Figure 1. The initial fully sampled training data is undersampled and input into the convolution chain, where the data undergoes 10 convolutions using 64 filters. Each convolution layer is followed by a Relu activation. After the convolution layers, the output is summed with the input, and fed into a Data Consistency (DC) layer. The DC layer fills the empty k-space with the CNN data, and uses a weighted sum of the acquired data and CNN data for the initially acquired k-space.^{5} Following the 5th iteration, the pixel-wise square error is used as a cost function.

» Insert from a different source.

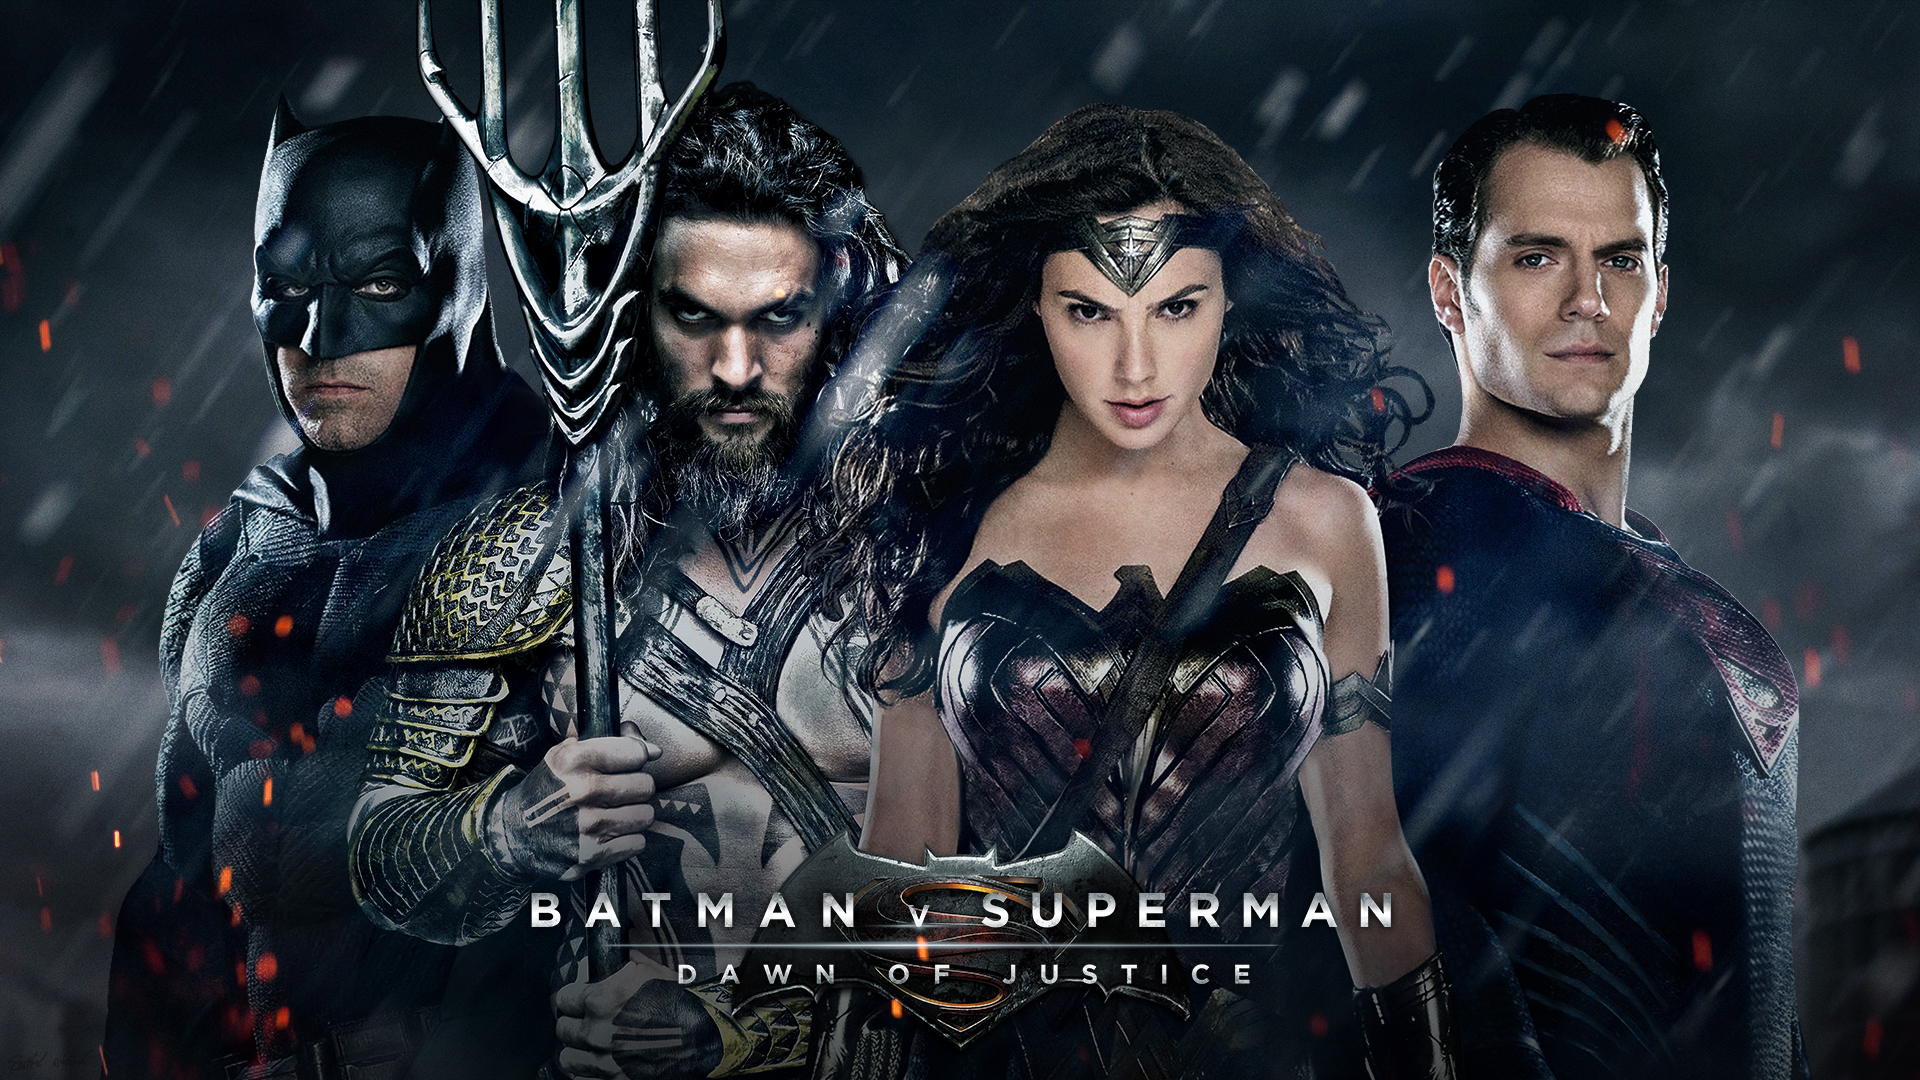 Warner Bros. Pulls Zack Snyder, Replaces with Geoff Johns & Jon Berg

The entire pipeline is iterated for 100 epochs.

Figure 2. Demonstration of the retrospective CNN reconstruction of a non-small cell lung tumor patient. (A) contains the fully sampled image, (B) is the 5x accelerated CNN reconstruction, and (C) is the 10x accelerated CNN reconstruction. It can be seen that the reconstruction becomes increasingly blurred with increasing acceleration. The arrows show the tumor, which was segmented in the CNN reconstructed images and compared to the fully sampled segmentations using the Dice coefficient.

Figure 3. (A) Plot displaying the NMSE for the six retrospectively undersampled non-small lung cell patients. It is evident that the fine tuning step decreased the NMSE for all data sets, with the exception of patient 1 at 5x acceleration. (B) Plot displaying the DC for each patient. Aside from patient 5, which had an irregular tumor, all patients had a DC of greater than 0.9.

Figure 4. Demonstration of CNN reconstruction using prospectively undersampled motion phantom data. The left side contains the zero filled reconstruction, while the middle contains the CNN reconstruction. A fully sampled image is shown on the right side for comparison. It is evident that the majority of the artifacts have been removed with the CNN reconstruction.